Recent advances in genome-wide association studies (GWAS) have enabled us to identify thousands of genetic variants (GVs) that are associated with human diseases. As next-generation sequencing technologies become less expensive, more GVs will be discovered in the near future. Existing databases, such as NHGRI GWAS Catalog, collect GVs with only genome-wide level significance.

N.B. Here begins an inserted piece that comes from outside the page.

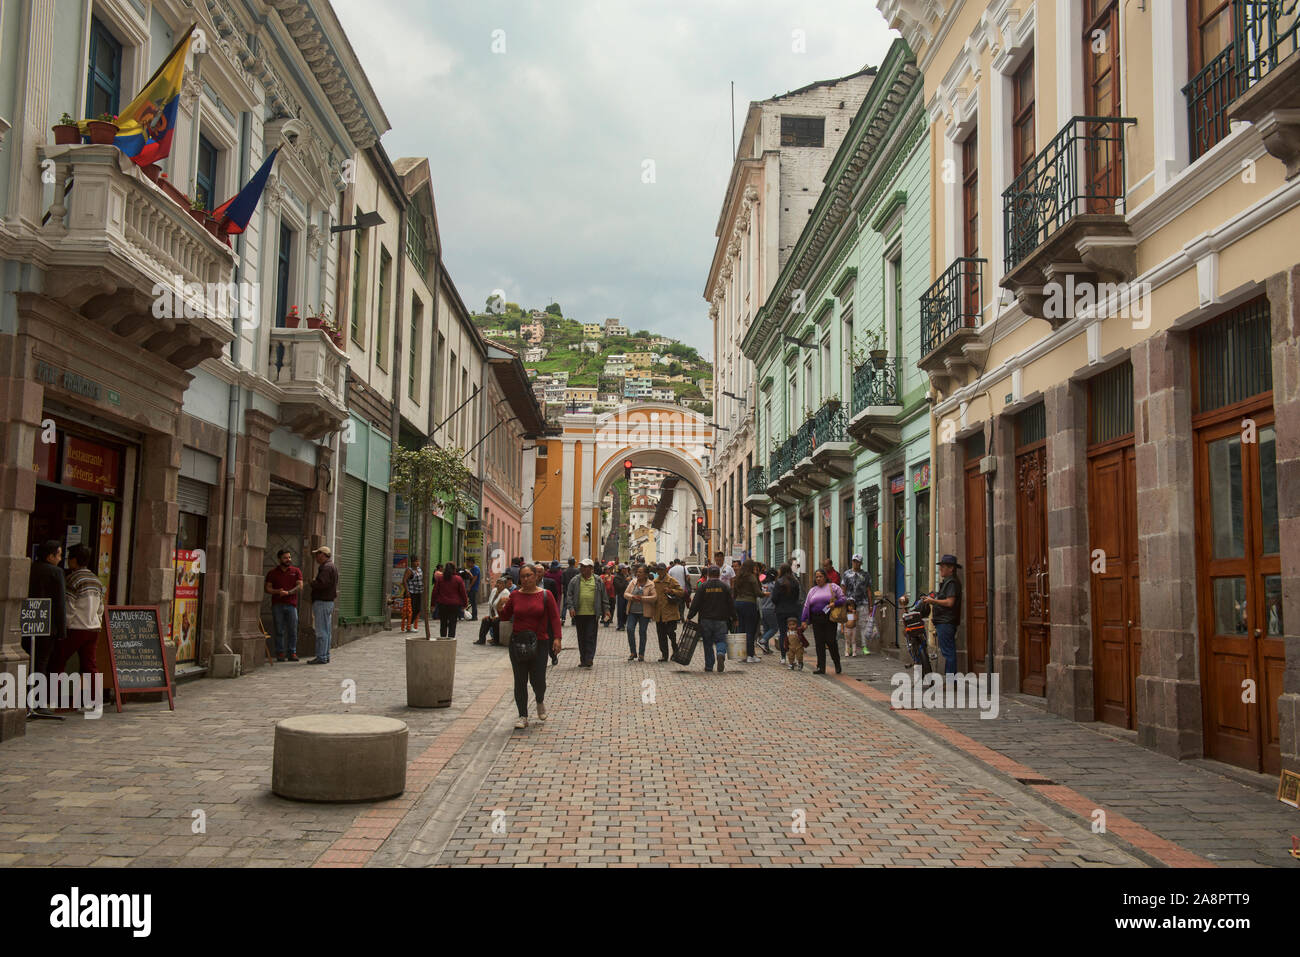 L'architecture coloniale dans la vieille ville historique de Quito, Équateur Banque D'Images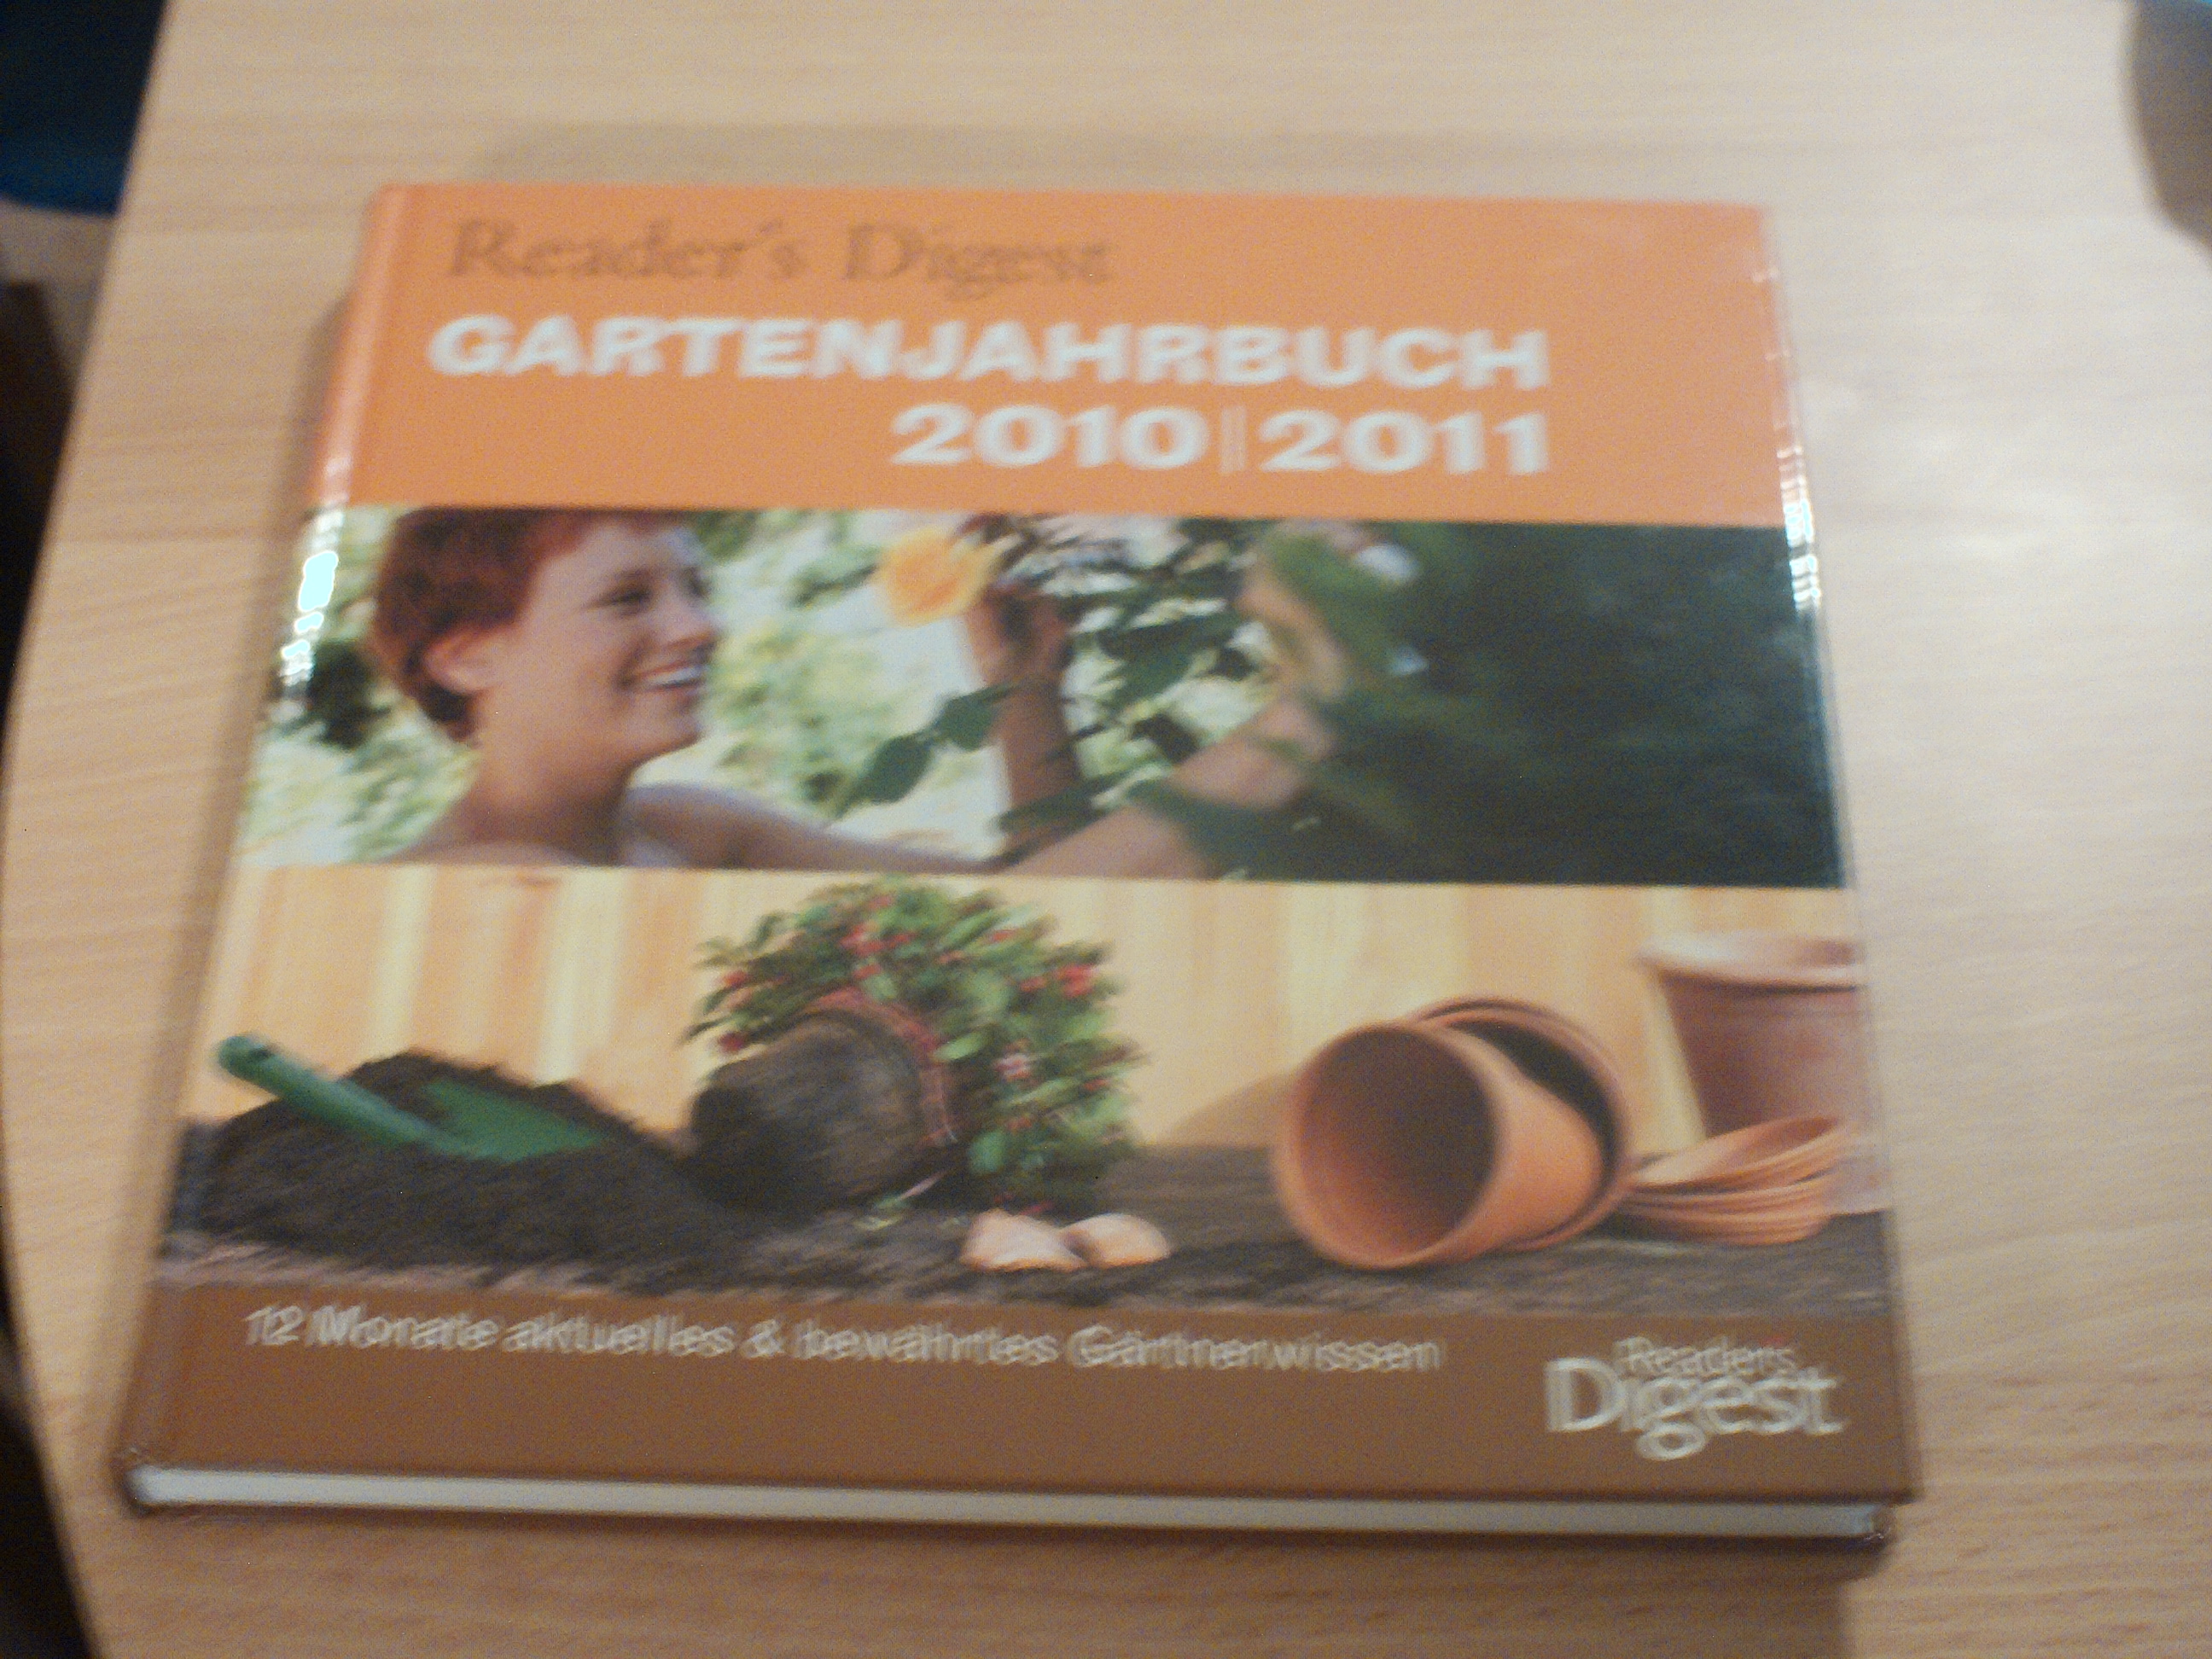 Reader's Digest Garten-Jahrbuch 2010/2011 12 Monate aktuelles & bewaehrtes GaertnerwissenFeryal Kanbay

However, many true disease susceptibility loci have relatively moderate P values and are not included in these databases. We have developed GWASdb that contains 20 times more data than the GWAS Catalog and includes less significant GVs (P < 1.0 × 10−3) manually curated from the literature. In addition, GWASdb provides comprehensive functional annotations for each GV, including genomic mapping information, regulatory effects (transcription factor binding sites, microRNA target sites and splicing sites), amino acid substitutions, evolution, gene expression and disease associations. Furthermore, GWASdb classifies these GVs according to diseases using Disease-Ontology Lite and Human Phenotype Ontology. It can conduct pathway enrichment and PPI network association analysis for these diseases. GWASdb provides an intuitive, multifunctional database for biologists and clinicians to explore GVs and their functional inferences. It is freely available at http://jjwanglab.org/gwasdb and will be updated frequently.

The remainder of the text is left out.